Lecture 3: Optimization

Overview

Optimization is the process of choosing the best option from a set of options.

Local Search

Local search is a search algorithm that maintains a single node and searches by moving to a neighboring node. This makes it quite different to other search algorithms like breadth-first search or depth-first search, which maintain a list of nodes to explore.

Hill Climbing

Hill Climbing is a local search algorithm that continuously moves towards the direction of increasing value (uphill) to find the peak of the search-space landscape. It suffers from the problem of getting stuck in local maxima and plateaus.

Local Maxima: Points that are higher than their immediate neighbors but lower than the global maximum.
Plateaus: Flat areas where neighboring states have the same value, making it difficult to determine the direction of improvement.
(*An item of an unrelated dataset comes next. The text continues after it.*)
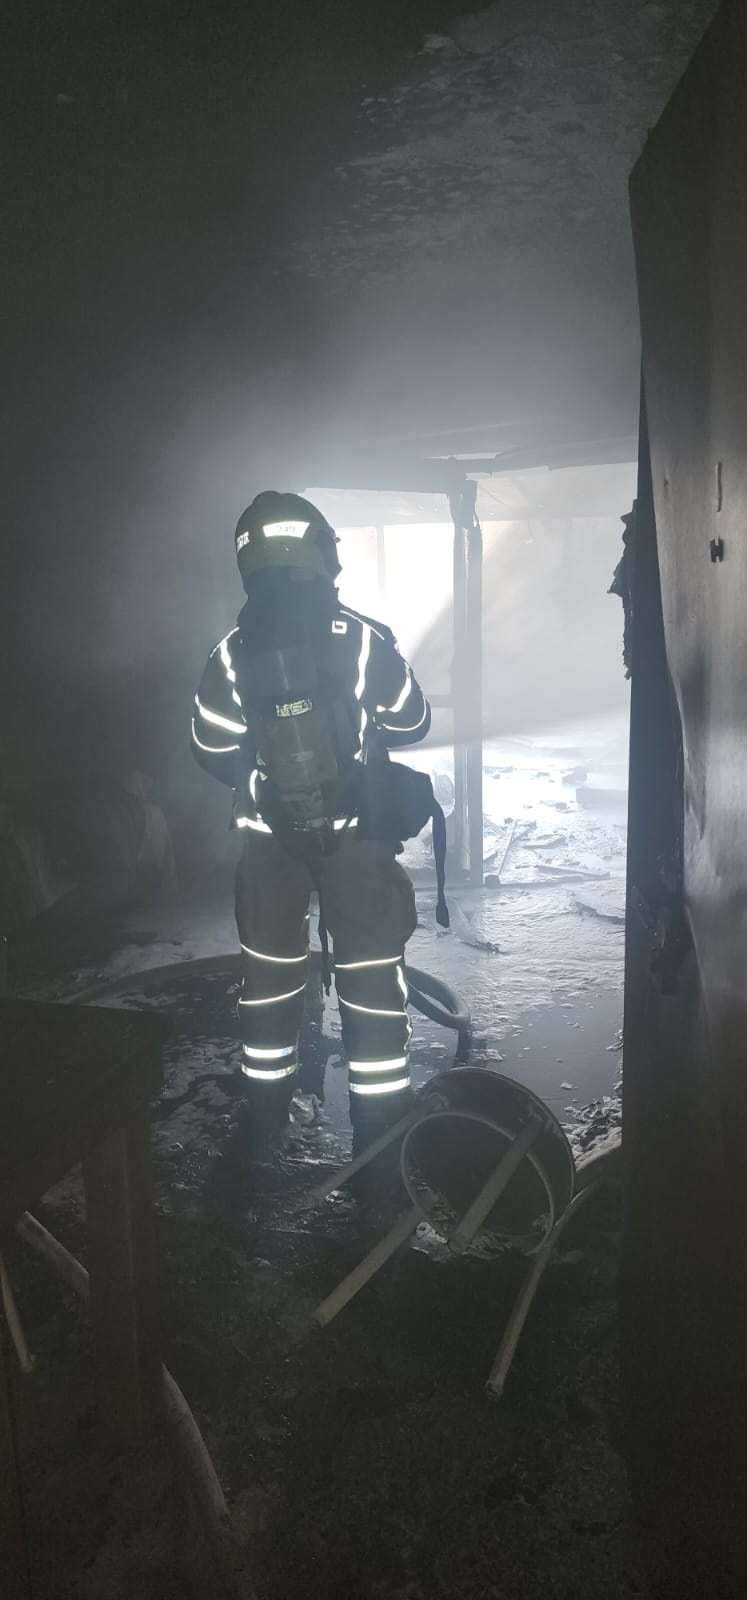 اللد: حريق داخل أحد المنازل في حي جني افيف

To calculate the value or cost of a state, we use an objective function (also known as a fitness function or cost function). This function takes a state as input and returns a numerical value that represents its quality.

Variants of Hill Climbing

Steepest-Ascent: Evaluating all neighbors and choosing the one with the highest value.
Stochastic: Choosing randomly from higher-valued neighbors.
Random-Restart: Performing multiple hill climbing searches from different random initial states to increase the chances of finding the global maximum.
First-Choice: Choose the first neighbor that improves the current state, rather than evaluating all neighbors.
Local Beam Search: Keeping track of $k$ states (beams) and exploring their neighbors simultaneously, selecting the best ones to continue. (More than one current state)

Simulated Annealing

Annealing is a process in metallurgy. You can imagine heating a metal until it is red-hot and then slowly cooling it down. This allows the atoms in the metal to settle into a more stable configuration, minimizing internal stresses and defects. When the temperature is high, the atoms can move freely, allowing them to explore various configurations (randomness is high). As the temperature decreases, the atoms settle into a more stable arrangement (randomness decreases).
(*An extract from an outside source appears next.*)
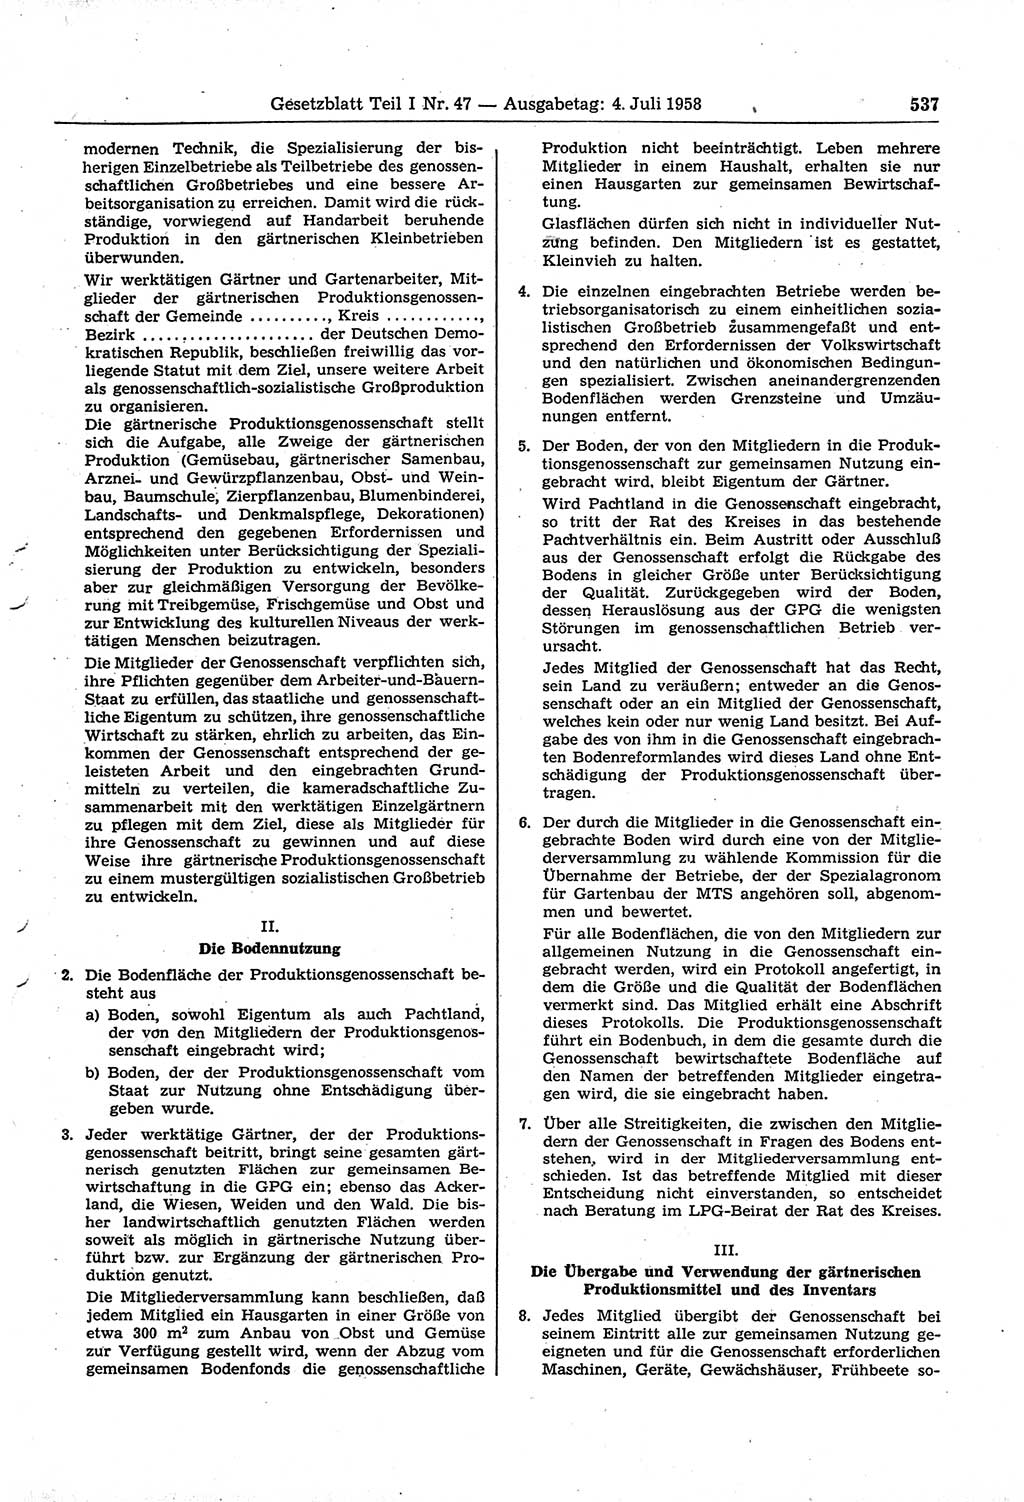 Gesetzblatt (GBl.) der Deutschen Demokratischen Republik (DDR) Teil Ⅰ 1958, Seite 537 (GBl. DDR Ⅰ 1958, S. 537)

Simulated Annealing is an optimization algorithm inspired by the annealing process in metallurgy. It is used to find an approximate solution to optimization problems by exploring the state-space landscape in a way that allows for occasional uphill moves (i.e., moves to higher-cost states) to escape local minima, or local maxima in maximization problems.

Early in the process, when the “temperature” is high, the algorithm is more likely to accept worse solutions, allowing it to explore a broader range of states. As the temperature decreases, the algorithm becomes more conservative, focusing on refining the current solution.

Pseudocode for Simulated Annealing:

function Simulated-Annealing(problem, max):
  current = initial state of problem
  for t = 1 to max:
    T = Temperature(t)
    neighbor = random neighbor of current
    ΔE = how much better neighbor is than current
      if ΔE > 0:
        current = neighbor
      with probability e^(ΔE/T) set current = neighbor
        return current

Note that the probability of accepting a worse solution is often calculated using the Boltzmann distribution: $P(accept) = e^{\Delta E / T}$ , where $\Delta E$ is the change in energy (or cost) and $T$ is the current temperature.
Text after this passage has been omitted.